Underlying the macrophenomenon of organizational search lie two central mechanisms: belief updating and explicit strategies of exploration/exploitation. We find that slow learning with respect to belief updating, in conjunction with a strategy of exploration/exploitation heavily tilted toward exploitation, leads to an effective process of organizational adaptation in a wide variety of settings. This joint search strategy can be thought of as “cautious exploitation.” Belief updating proves to be a more effective catalyst to search, facilitating both the process of discovery of alternatives and persistence in favorable alternatives, than an explicit strategy of exploration. However, it is important to consider the boundary conditions around this finding. Problems of search differ in important respects: from settings that are primarily problems of discovery where the critical challenge is identifying a promising alternative, but its promise is self-evident once identified, to problems of evaluation where assessing the merit of alternatives that are identified is itself a challenge.
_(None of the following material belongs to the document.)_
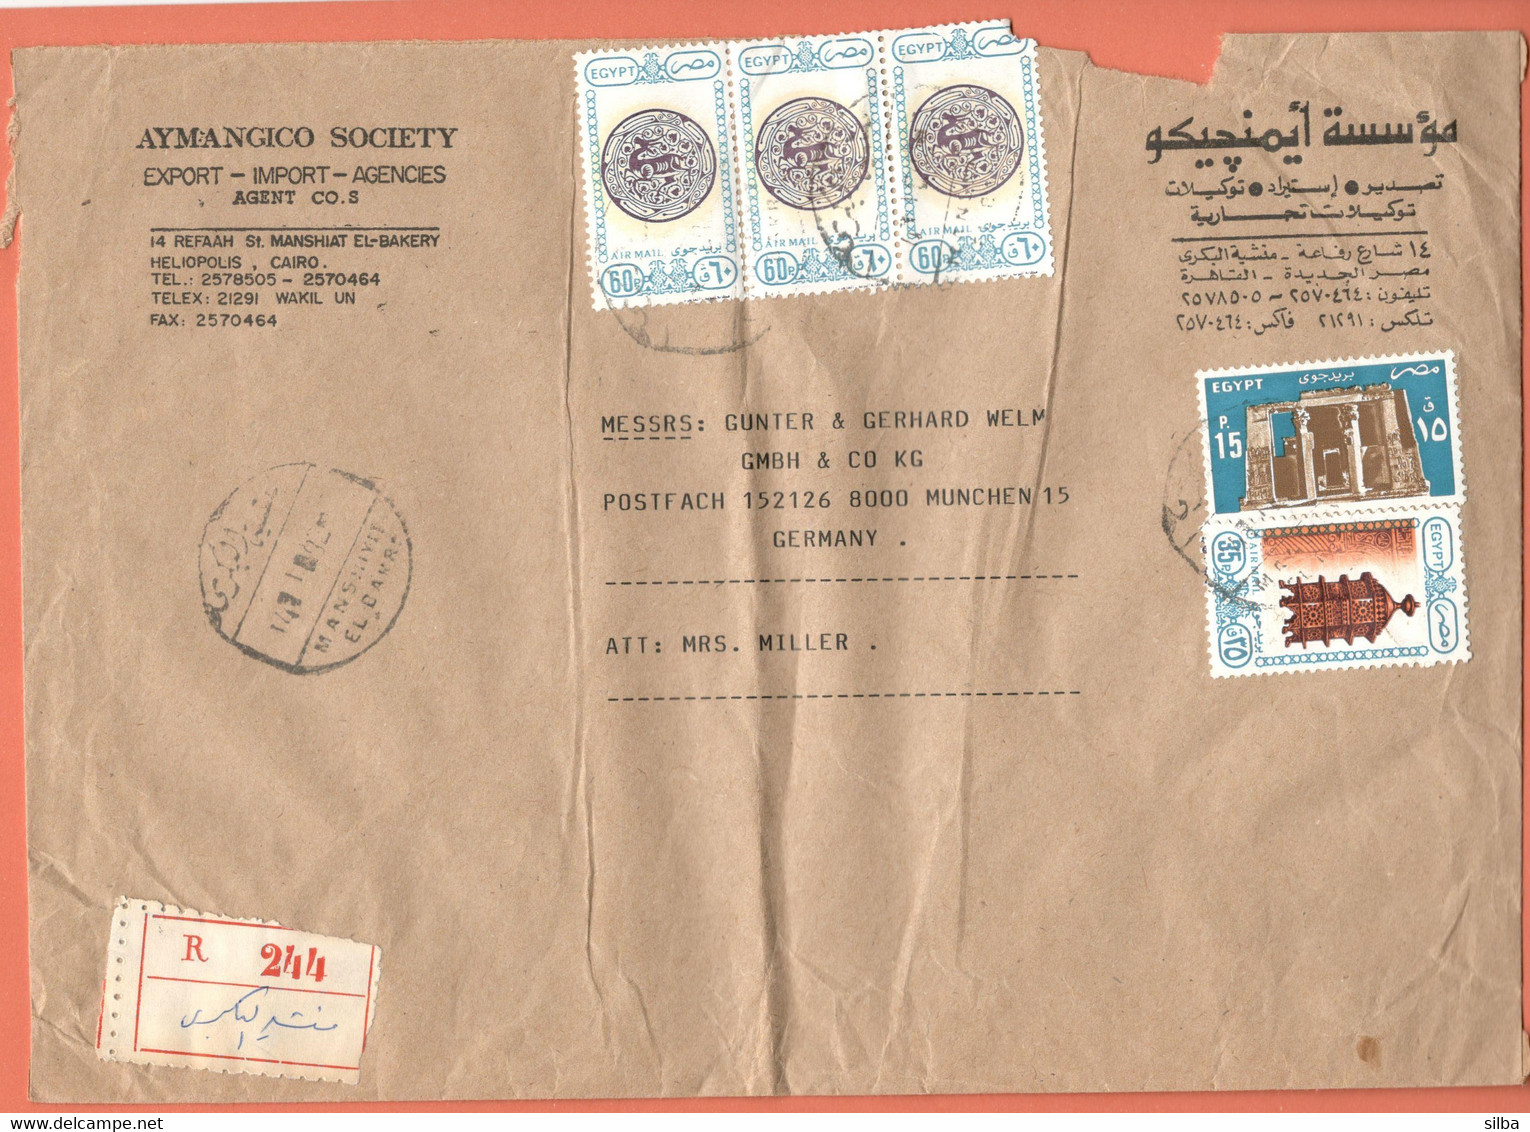 Egypt / Airmail - Art And Mosques, Lantern 35 P, Dish With Gazelle Motif - 60 P, 1989, Edfu Temple, 15 P, 1985 - Lettres & Documents

We find that our conventional wisdom about the role of explicit strategies of exploration holds in settings that are primarily problems of discovery. However, when the evaluation of alternatives is problematic and assessed through experience with a given alternative, we find that the macrophenomenon of effective organizational search is best realized with slow rates of belief updating in conjunction with an explicit strategy of exploration/exploitation that is tilted to be highly exploitative.

Suggested Citation

  • Daniel A. Levinthal & Daniel Schliesmann, 2025. "Cautious Exploitation: Learning and Search in Problems of Evaluation and Discovery," Organization Science, INFORMS, vol. 36(2), pages 903-917, March.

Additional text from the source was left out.